The real Farinelli (stage name) lived 77 whole years, sex free.

Tuesday, June 30, 2009

My Musical Brain

Hello darkness, my old friend, I've come to talk with you again
Because a vision softly creeping, left its seeds while I was sleeping
And the vision that was planted in my brain, still remains
Within the sound of silence
Sounds of Silence - Simon and Garfunkel

One of my jobs back in NYC was at an advertising/PR firm that had the privilege of doing some work with Dr. Oliver Sacks. I was lucky enough to get to chit chat with him when he was on hold for my boss on a few occasions. The first time he called I was blown away as I had read his infamous book “The Man Who Mistook His Wife for a Hat”, and had seen the movie “Awakenings” which is based on another one of his works and of course, his life.

I’m not sure if he’s considered a Neuro-Psychiatrist or a Neurologist and Psychiatrist separately, but I am sure he is an author and he does awesome documentaries. Super grooooovy dude and this week starting tonight on PBS, he’s on a Nova special called “My Musical Brain”. It’s “an investigative look into the extraordinary impact that music can have on the human brain”.
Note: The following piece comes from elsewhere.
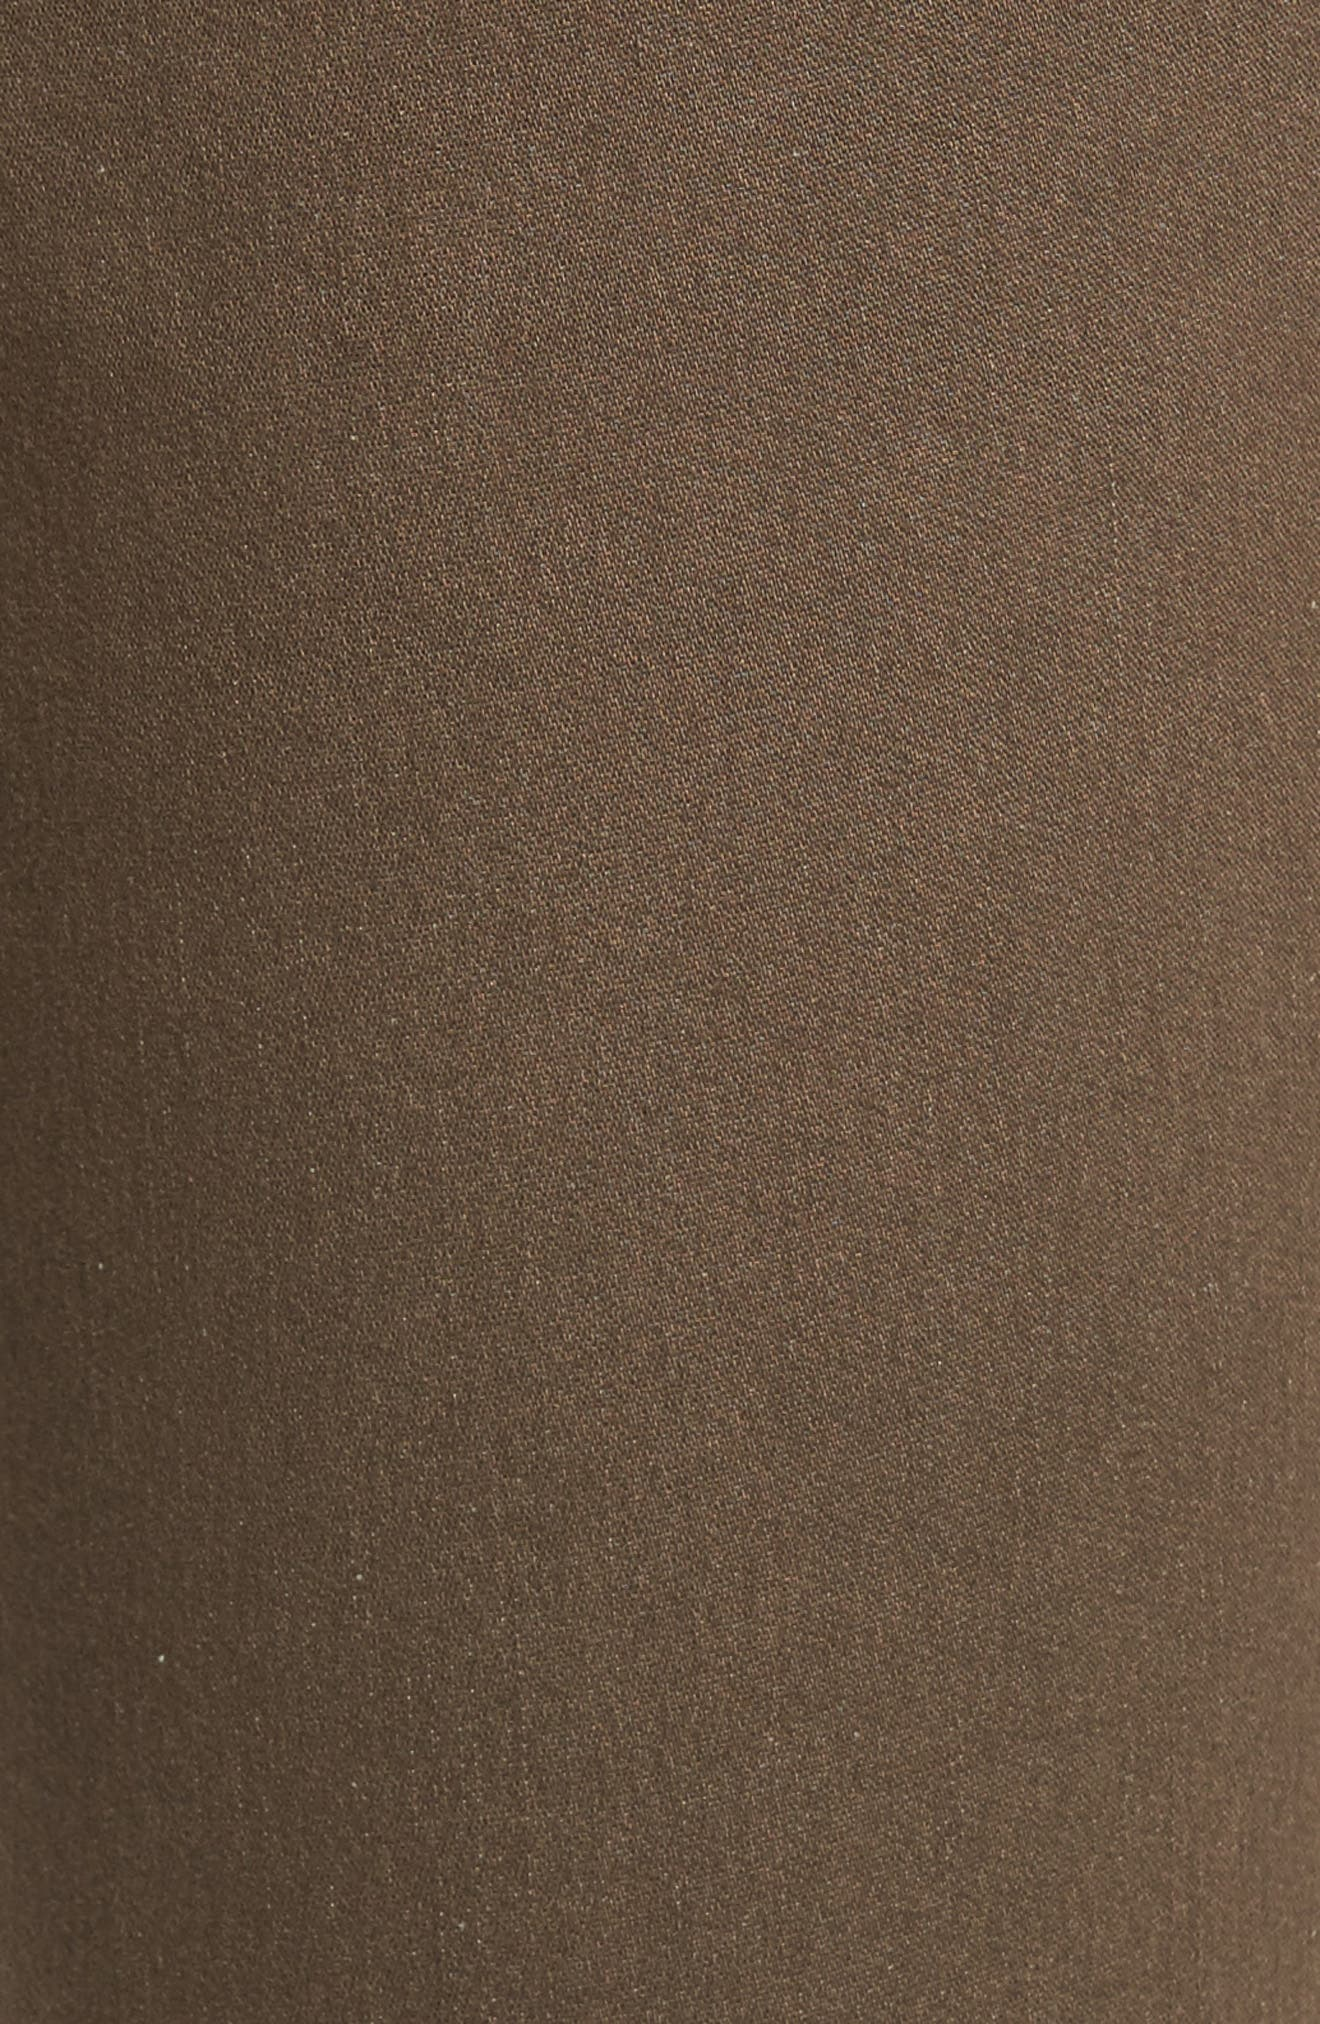 Ryan Knit Skinny Jeans,                             Alternate thumbnail 5, color,                             Saddle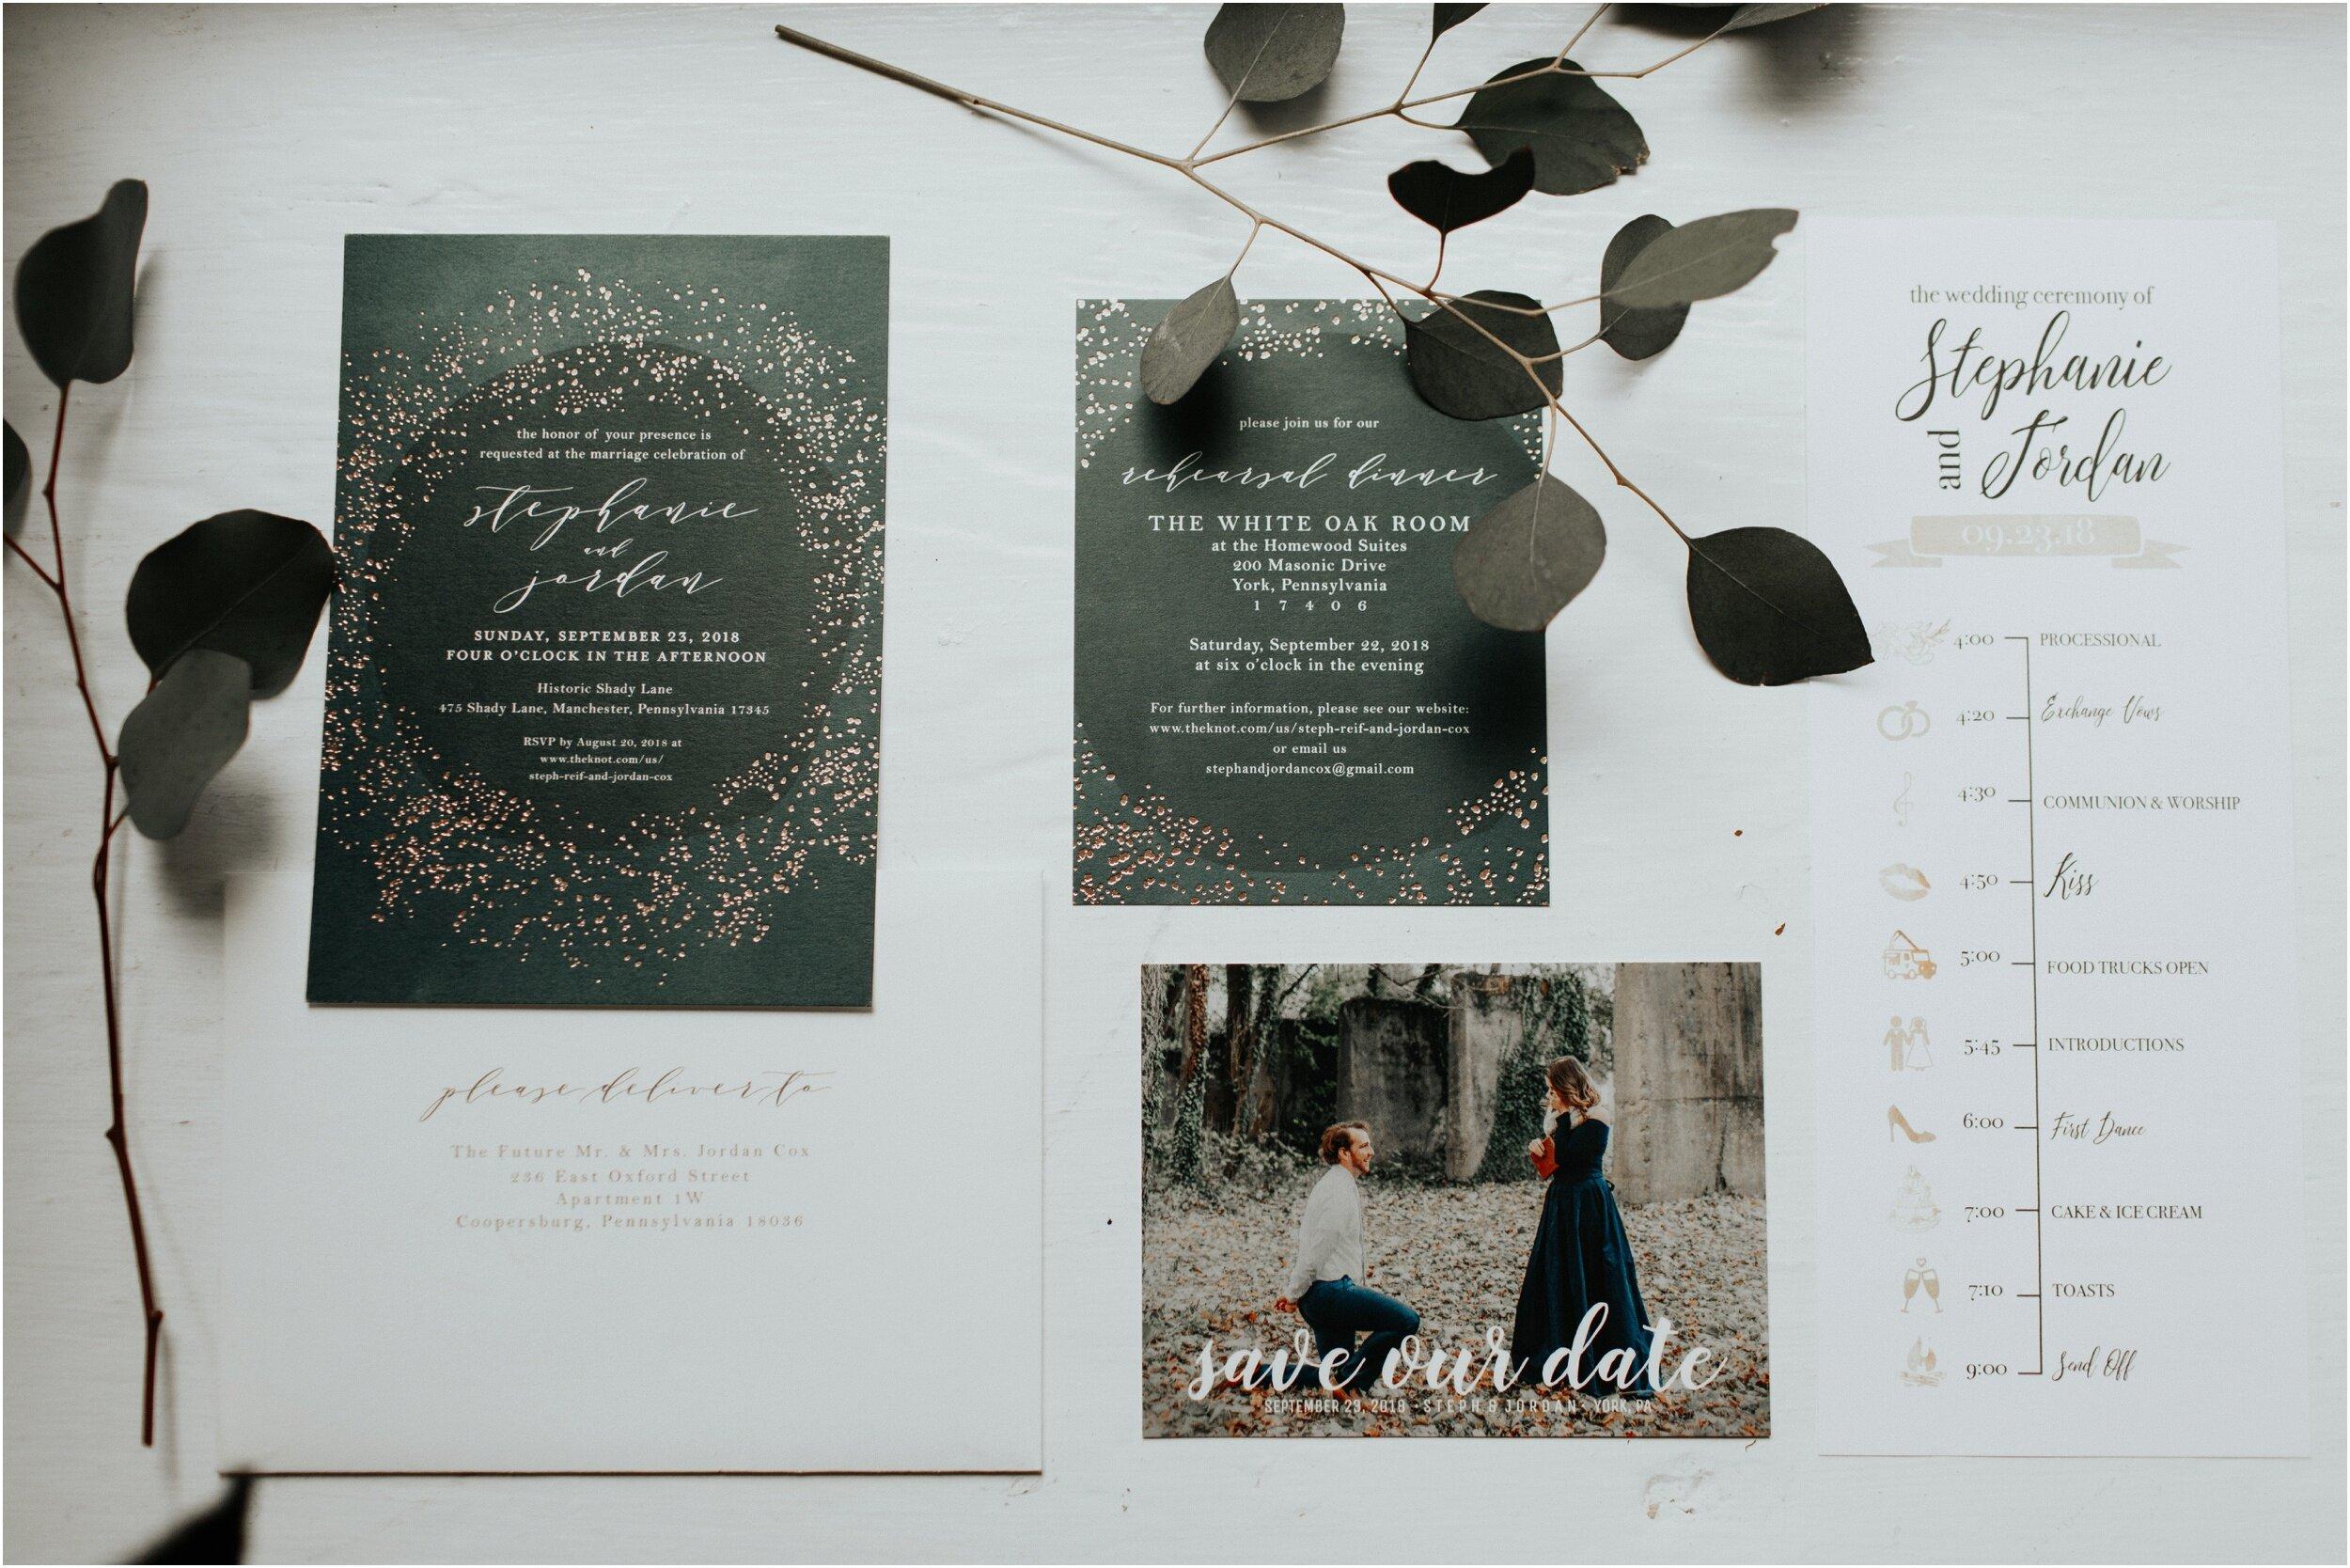 steph-and-jordan-cox-our-wedding-historic-shady-lane-compass-wedding-collective-hazel-lining-photography-destination-elopement-wedding-engagement-photography_0006.jpg

PBS is different everywhere, but if you are a Tampa person it’s on ours July 1 @ 2am, July 2nd at 5am, and July 5 @ 7pm. Set your DVRS! He’s always interesting.

Wednesday, June 17, 2009


Hey you, still silence in the eyes of the idols
Did we believe that you could know?
Hey you, doing everything you can just to blend in
But what was there to show?
Can’t Believe a Single Word - VHS or Beta

My last post was about the fakers, whom I’m much better at spotting each year I take on. I try not to be fake, but I believe once someone tosses some phony my way, I’m contractually obligated to return the serve. I do dabble in “fake” out of boredom though.

When living in NYC, most of the parties I showed up at were attended by artsies only. EVERYONE was a musician, writer, actor, director, photog, painter, etc. so when asked what I did, I started making up shit. My favorite occupation to feign was Herpetologist. That always turned a few heads and garnered some “wows“. Usually someone would be like “A Herpetologist? I would never have guessed, wait, what IS a Herpetologist?” Not one person EVER knew what it was, yet they were always shocked that I could be one.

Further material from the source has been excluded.